Highlight: * Never share a LYUMJEV prefilled pen or cartridge between patients, even if the needle is changed. (5.1)

• Hyperglycemia or hypoglycemia with changes in insulin regimen: Make changes to a patient's insulin regimen (e.g., insulin strength, manufacturer, type, injection site or method of administration) under close medical supervision with increased frequency of glucose monitoring. (5.2)
• Hypoglycemia: May be life-threatening. Increase frequency of glucose monitoring with changes to: insulin dosage, co-administered glucose lowering medications, meal pattern, physical activity; and in patients with renal impairment or hepatic impairment or hypoglycemia unawareness. (5.3)
• Hypoglycemia due to medication errors: Accidental mix-ups between insulin products can occur. Instruct patients to check insulin labels before injection. Do not transfer LYUMJEV U-200 from the LYUMJEV KwikPen to a syringe as overdosage and severe hypoglycemia can result. (5.4)
• Hypokalemia: May be life-threatening. Monitor potassium levels in patients at risk for hypokalemia and treat if indicated. (5.5)
• Hypersensitivity reactions: Severe, life-threatening, generalized allergy, including anaphylaxis, can occur. Discontinue LYUMJEV, monitor, and treat if indicated. (5.6)
• Fluid retention and heart failure with concomitant use of thiazolidinediones (TZDs): Observe for signs and symptoms of heart failure; consider dosage reduction or discontinuation of TZD if heart failure occurs. (5.7)
• Hyperglycemia and ketoacidosis due to insulin pump device malfunction: Monitor glucose and administer LYUMJEV by subcutaneous injection if pump malfunction occurs. (5.8)

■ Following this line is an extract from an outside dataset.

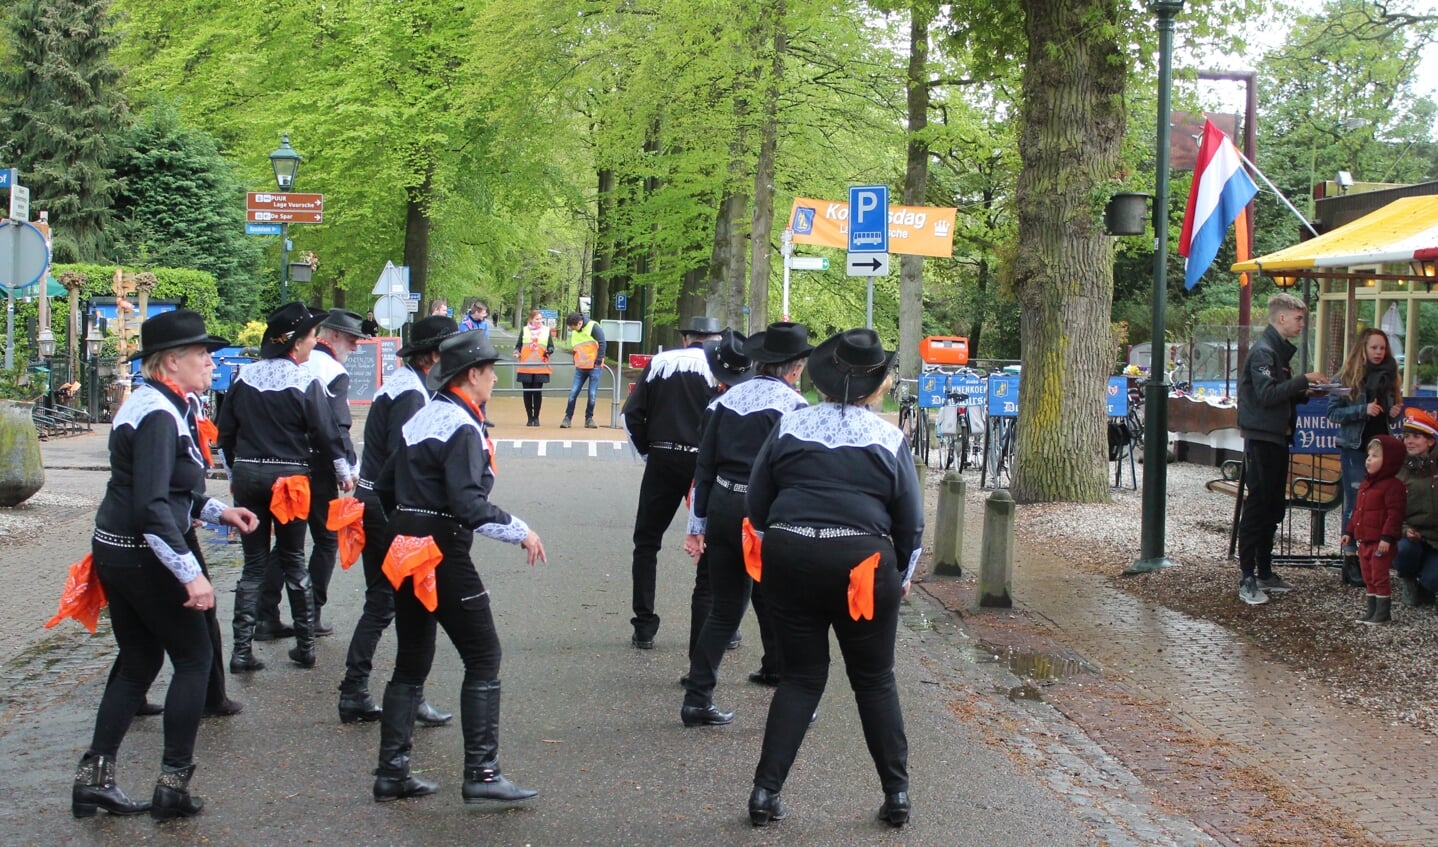 Tussen de buien door verzorgden de Blackhorst Linedansers uit Hilversum een viertal ‘demo’s’ gewoon op straat. [HvdB]

5 WARNINGS AND PRECAUTIONS

5.1 Never Share a LYUMJEV Prefilled Pen, Cartridge, or Syringe Between

Patients

LYUMJEV prefilled pens or cartridges should never be shared between patients, even if the needle is changed. Patients using LYUMJEV vials must never share needles or syringes with another person. Sharing poses a risk for transmission of blood-borne pathogens.

5.2 Hyperglycemia or Hypoglycemia with Changes in Insulin Regimen

Changes in an insulin regimen (e.g., insulin, insulin strength, manufacturer, type, injection site or method of administration) may affect glycemic control and predispose to hypoglycemia [see Warnings and Precautions (5.3)] or hyperglycemia. Repeated insulin injections into areas of lipodystrophy or localized cutaneous amyloidosis have been reported to result in hyperglycemia; and a sudden change in the injection site (to an unaffected area) has been reported to result in hypoglycemia [see Adverse Reactions (6.1)].

Make any changes to a patient's insulin regimen under close medical supervision with increased frequency of blood glucose monitoring. Advise patients who have repeatedly injected into areas of lipodystrophy or localized cutaneous amyloidosis to change the injection site to unaffected areas and closely monitor for hypoglycemia. For patients with type 2 diabetes, dosage adjustments of concomitant anti-diabetic products may be needed.

5.3 Hypoglycemia

Hypoglycemia is the most common adverse reaction associated with insulins, including LYUMJEV [see Adverse Reactions (6.1)]. Severe hypoglycemia can cause seizures, may lead to unconsciousness, may be life-threatening, or cause death. Hypoglycemia can impair concentration ability and reaction time; this may place an individual and others at risk in situations where these abilities are important (e.g., driving or operating other machinery). LYUMJEV, or any insulin, should not be used during episodes of hypoglycemia [see Contraindications (4)].

Hypoglycemia can happen suddenly and symptoms may differ in each individual and change over time in the same individual. Symptomatic awareness of hypoglycemia may be less pronounced in patients with longstanding diabetes, in patients with diabetic nerve disease, in patients using medications that block the sympathetic nervous system (e.g., beta-blockers) [see Drug Interactions (7)], or in patients who experience recurrent hypoglycemia.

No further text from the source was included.